Metabolic phenotype of prediabetes in childhood obesity

BIOHW 15

Sonia Caprio, sonia.caprio@yale.edu, MD Department of Pediatric/Endocrinology, Yale University, New Haven, CT 06511
In adults, type 2 diabetes develops over a long period. Most, if not all, patients initially have IGT, which is an intermediate stage in the natural history of type 2 diabetes and is highly predictive of diabetes and cardiovascular disease. With appropriate changes in lifestyle and or pharmacologic interventions, progression from IGT to frank diabetes can be delayed or prevented. Thus, great emphasis has recently been placed on the early detection of IGT in adults. Although severe obesity has a prominent role in the pathogenesis of type 2 diabetes in children and adolescents, it was unknown whether it is a risk factor for IGT. We determined the prevalence of IGT in a multiethnic cohort of 55 obese children and 112 obese adolescents. Irrespective of ethnicity, IGT was detected in 25% of the obese children and 21% of the obese adolescents, and silent type 2 diabetes was identified in 4% of the obese adolescents.
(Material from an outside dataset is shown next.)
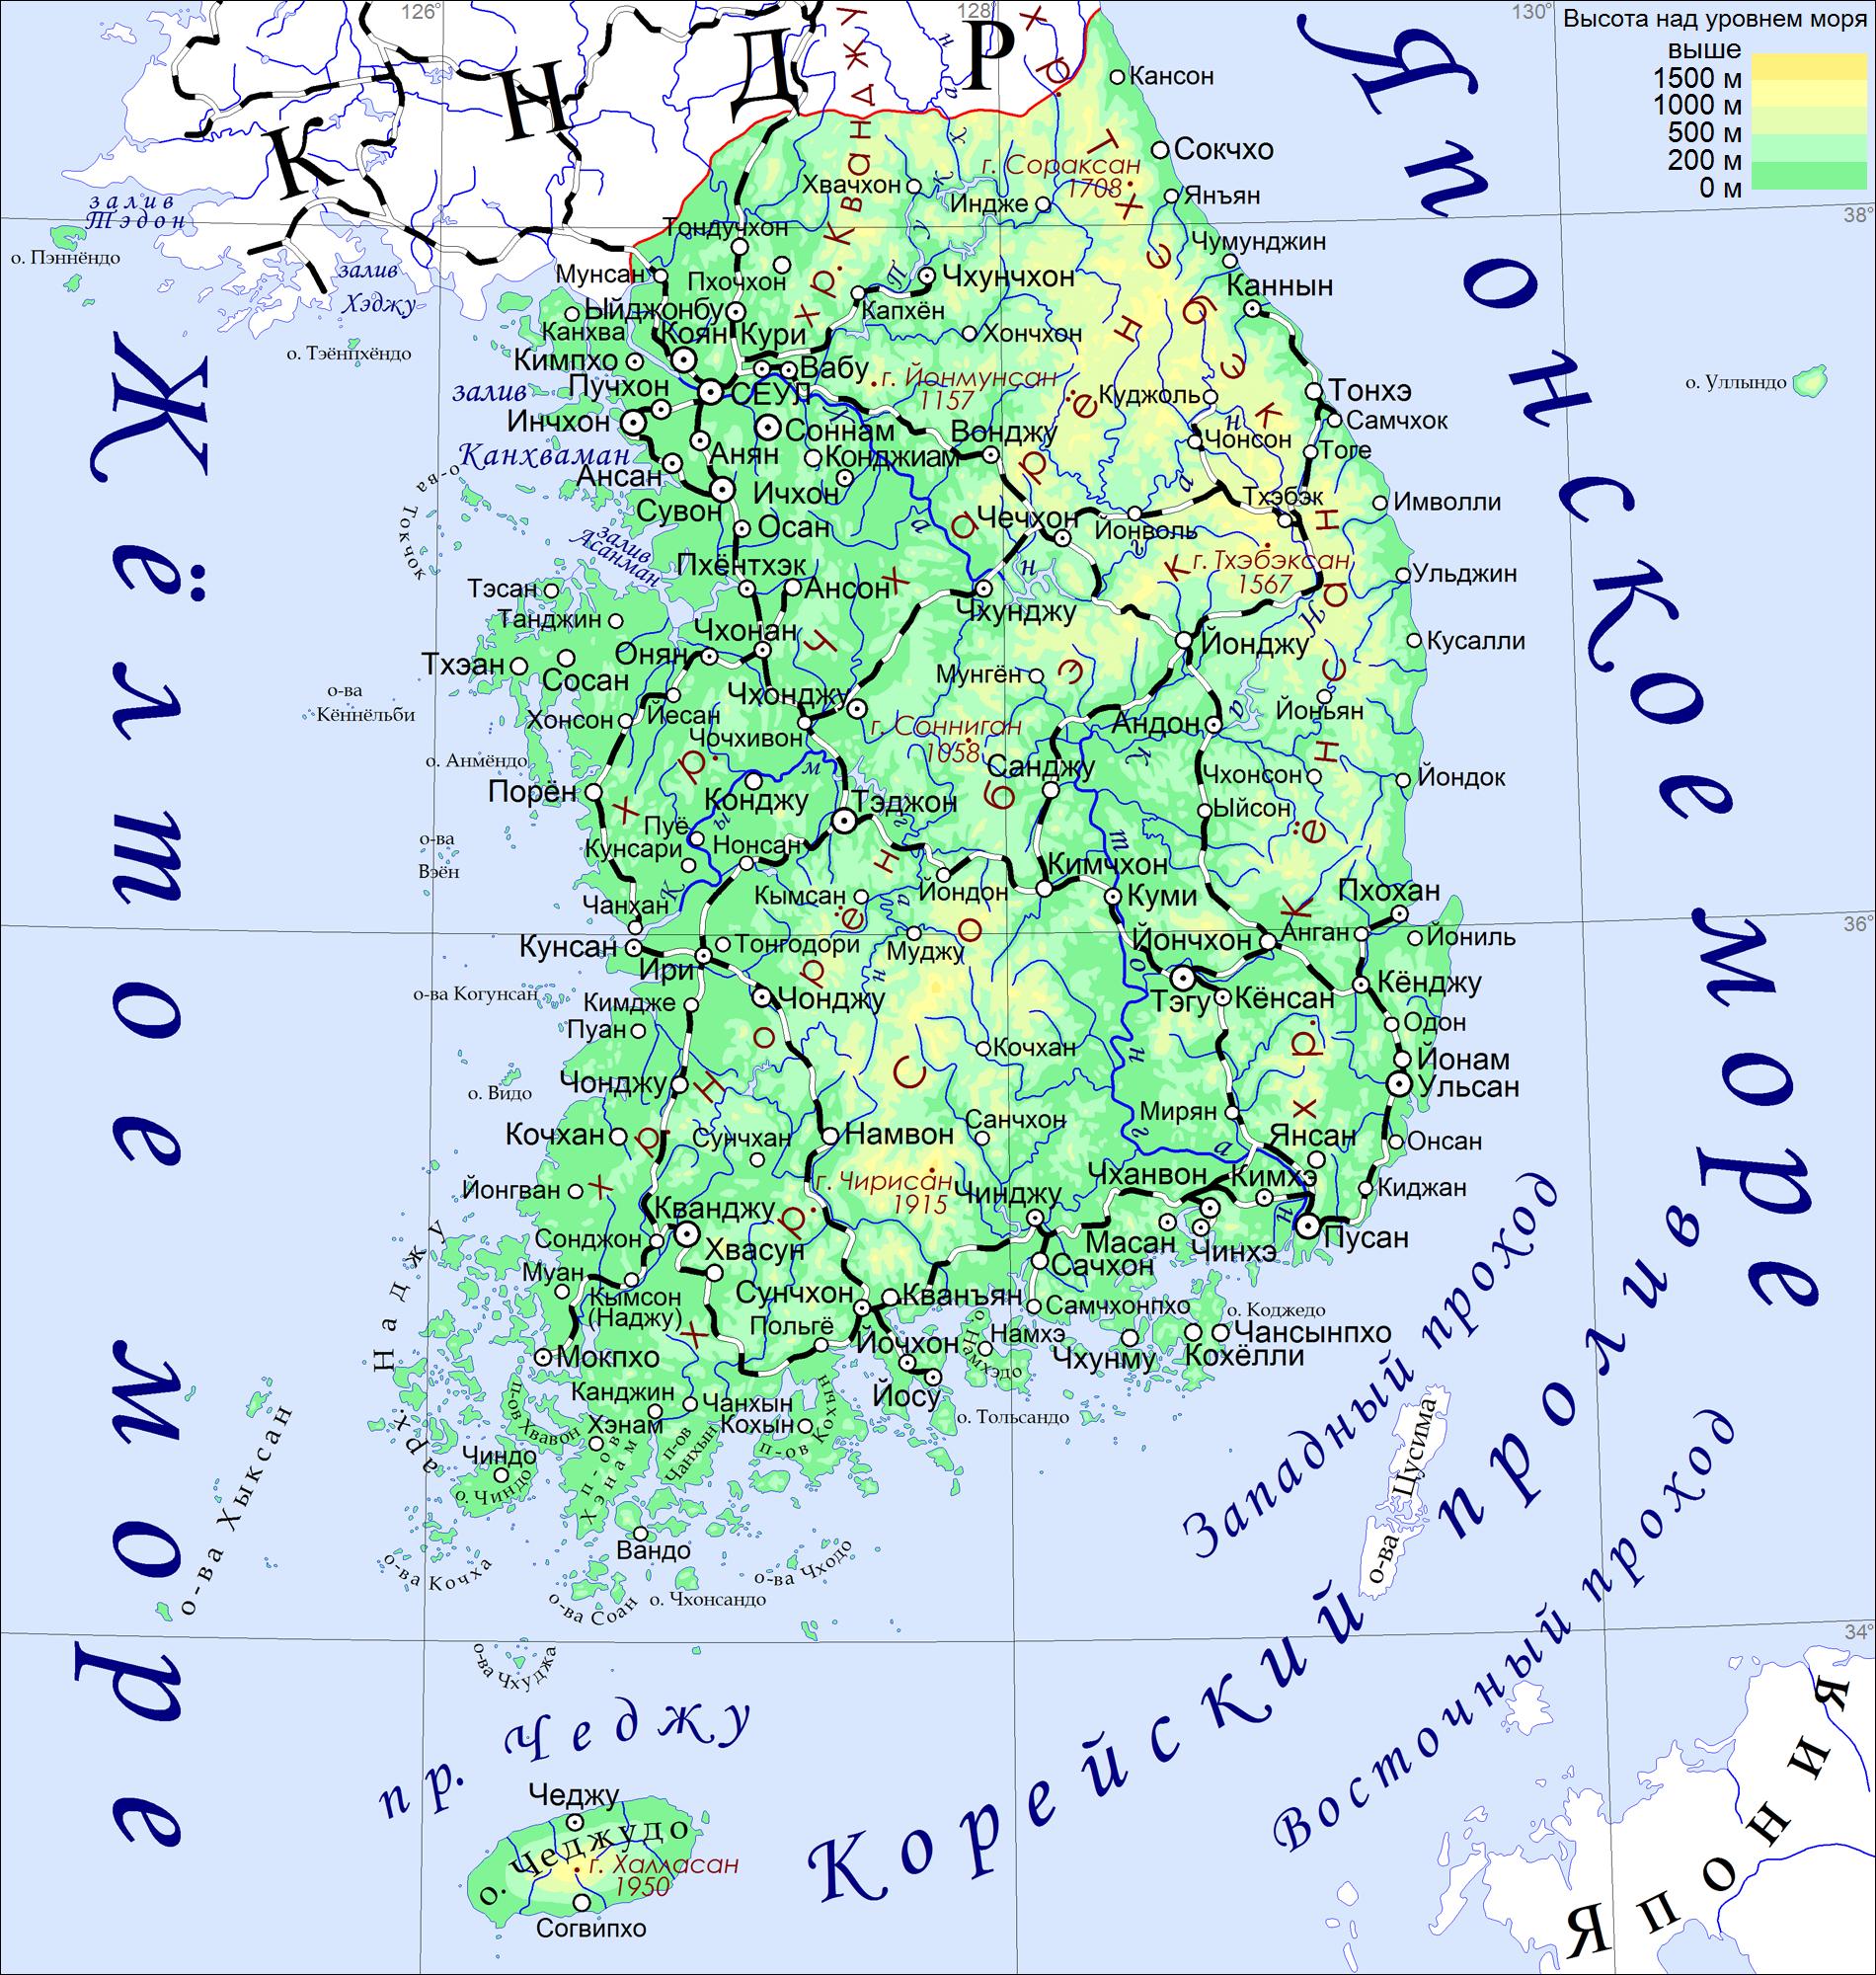 Республика Корея Википедия Физическая карта Республики Корея

Insulin resistance is an important risk factor for the development of T2DM, but the decline in the acute insulin response to intravenous glucose determines disease progression in adults. To address these issues, we studied differences in insulin sensitivity and secretion in obese adolescents with NGT and IGT. These studies revealed profound insulin resistance in the obese adolescents with IGT compared with those with NGT. Insulin resistance was mainly accounted for by a reduction in non-oxidative glucose disposal (storage). These studies demonstrated excessive accumulation of IMCL in the soleus muscle of obese adolescents with IGT compared to age and adiposity matched obese adolescents with NGT. Abdominal MRI showed that subcutaneous fat in IGT subjects was significantly lower compared with NGT subjects while visceral fat tended to be higher in the IGT group than in the NGT group.